Tuesday, February 26, 2008

Garden Spells by Sarah Addison Allen

I picked up this book because the description on the cover made me think of the YA fiction books I was fond of and the movie Practical Magic, which is still one of my favorites.
The novel is set in the fictional town of Bascom, North Carolina, where every family has something particular to its members. The Waverley women, the story's main characters, have a knack for having intuitive, almost psychic, abilities. The Clark women can use their sexual prowess to make nearly anything they want happen. The Hopkins men are only meant to fall in love with older women. Everyone more or less knows what role they will fall into and regardless of newcomers in town regarding these things as superstitions, the locals all have one another's places figured out as well.

The story opens with Syndey Waverely, the younger of the two Waverley sisters fleeing home to Bascom with her daughter Bay to get away from a dangerous man that abused her and kept her under lock and key, only allowing her to leave the house three times a week to take Bay to the park.
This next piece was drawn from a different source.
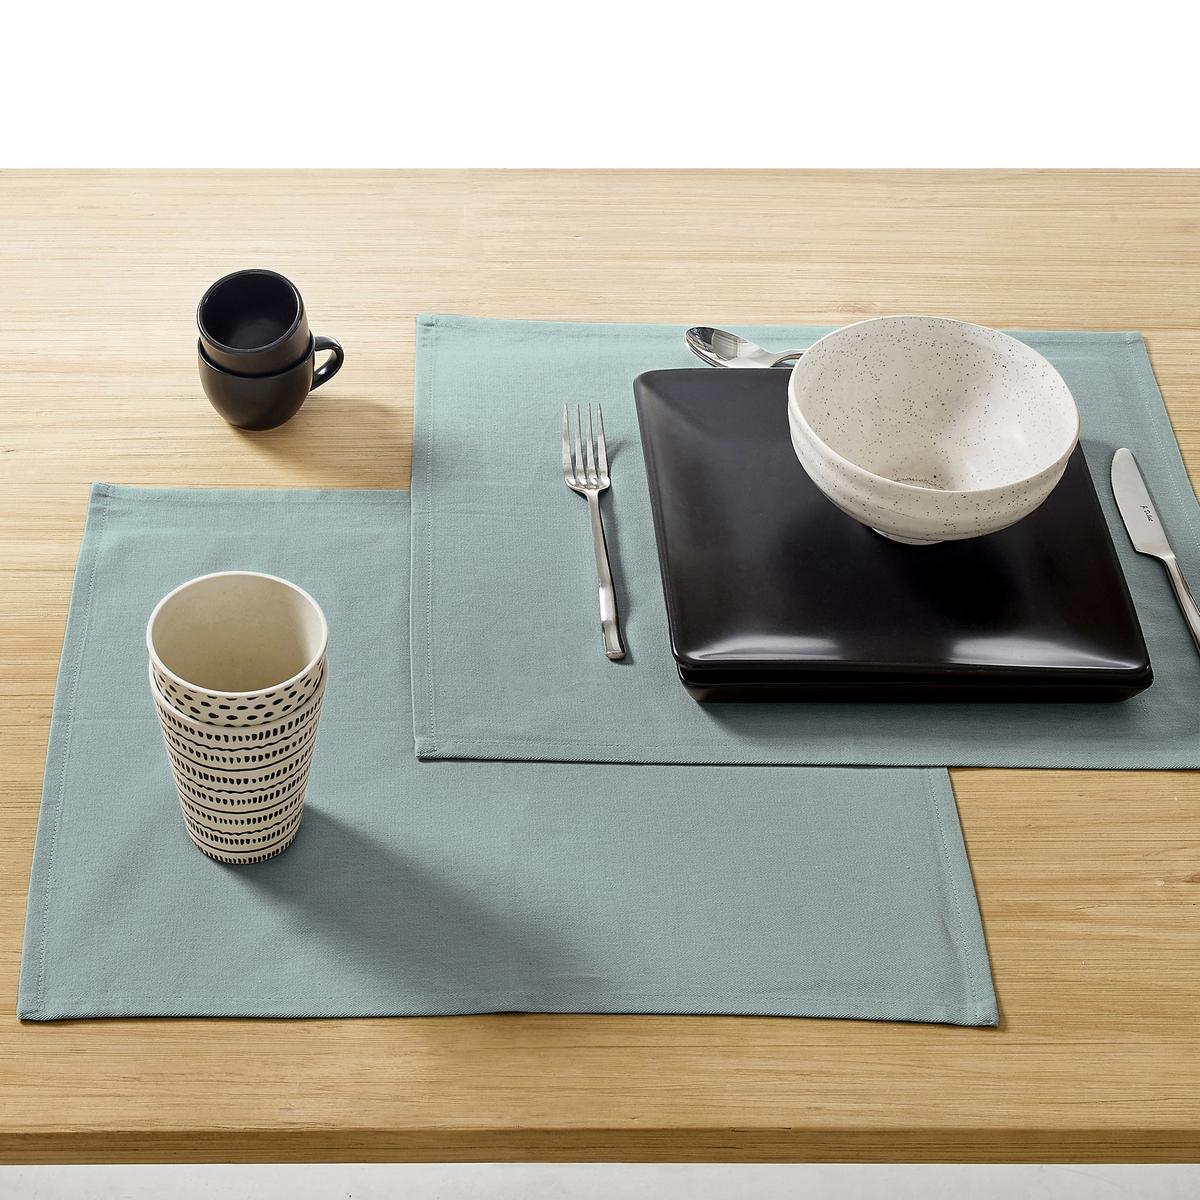 Комплект из 4 салфеток под столовый прибор, с обработкой против пятен от La Redoute

She's returning to a place she never wanted to be, the same place that her older sister Claire never wanted to leave. Claire at 34 years old is beautiful but on her way to becoming a spinster with no friends or romatic possibilities, a stick in the mud, and a caterer who uses the herbs in her garden to make her famous dishes both delicious and magical. She also has an apple tree in her back yard with apples that will reveal the biggest moment of your life to you if you eat one of them. Her stable, monotonous world is turned inside out when her sister returns home and Tyler, the art professor, moves in next door, daring her to fall in love with him when she's resisted becoming close to others for so long.
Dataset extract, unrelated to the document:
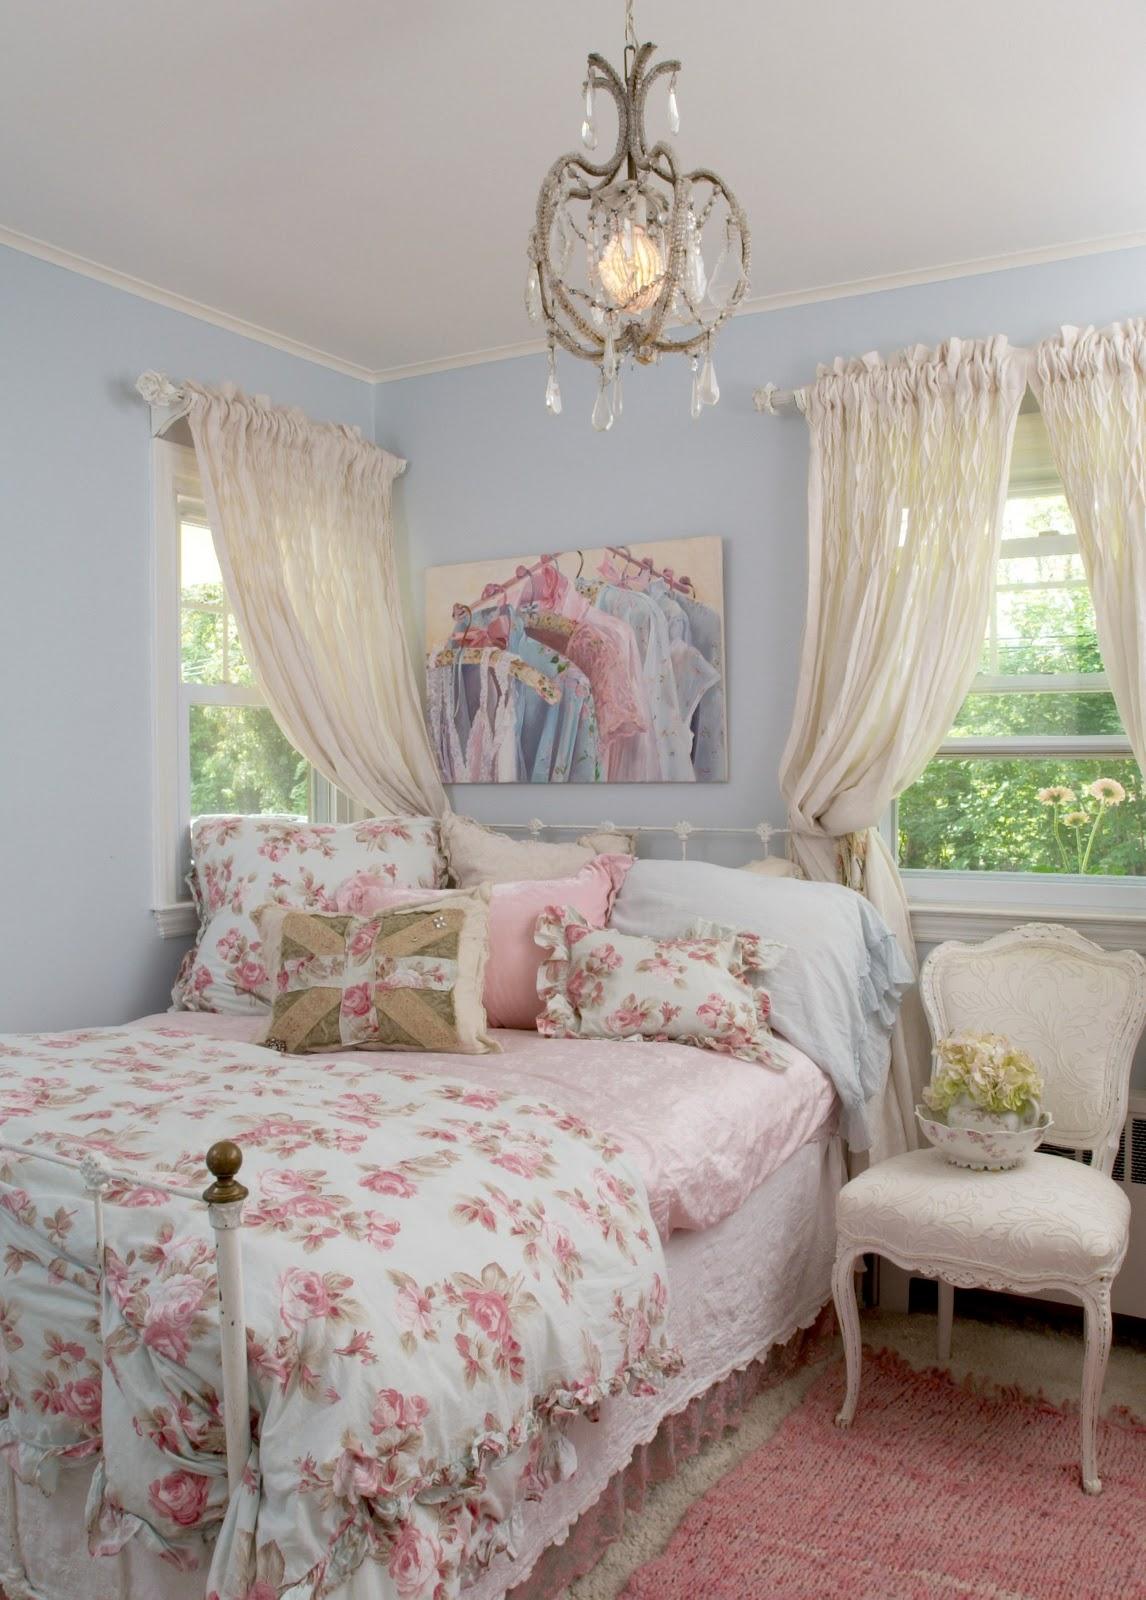 maison decor my shabby bedroom makeover plan On shabby bedroom

This story is loaded with small town gossips, drama that carries over from high school that people should have forgotten years ago, snobbery, and quirky characters. My favorite is James, a lonely old gay grocer whose long time partner leaves him, causing James to move in with a widow named Evenelle that is forever weirding people out because she is always getting the sudden urge to give people specific things, knowing they'll need a mango splitter or a box of Strawberry poptarts for reasons that remain unknown to her but become clear to the doubtful person the gift is given to shortly afterwards.
I couldn't put it down because I had to know if Claire would get the stick out of her arse and take a chance, if Syndey had really escaped this time, why Evanelle had given her strange gifts, to find out who Henry Hopkins' older woman would be. I felt a little disappointed at the end because it seemed to wrap up a little bit too easily. I decided to give Allen a break though, as it's her first novel.
I thought it was a charming book, but it probably will never be any kind of award winner. It was a nice break from the CJ and Literary Criticism textbooks I've been reading, though, that's for sure. The writer lives in Asheville, North Carolina and is working on her next book now, which I am already excited about.

7 comments:

Carlton Farmer said...

This sounds a lot like Semi-Pro.

Christopher said...

Why does Bascom sound so much like a real town?

Brooke said...

What is Semi-Pro?
It sounds like a real town because it's settled right beside Hickory, which is a real town, and all the characters went to UNC or Western which are real schools and I'm guessing Bascom is suppose to be down the mountain somewhere probably a little over an hour from Boone.
But that's just a guess.

Christopher said...

Well, I haven't read the book so I don't know those details. I'm just saying it sounds a lot like a town that does or would exist in Western North Carolina.

Christopher said...

Just the name, I mean

Carlton Farmer said...

Semi-Pro is the new Will Ferrel movie about the American Basketball Association. It is sure to be a hilarious romp. Take the whole family!

Brent Waggoner said...

Carlton is obviously the world's most tenacious plant.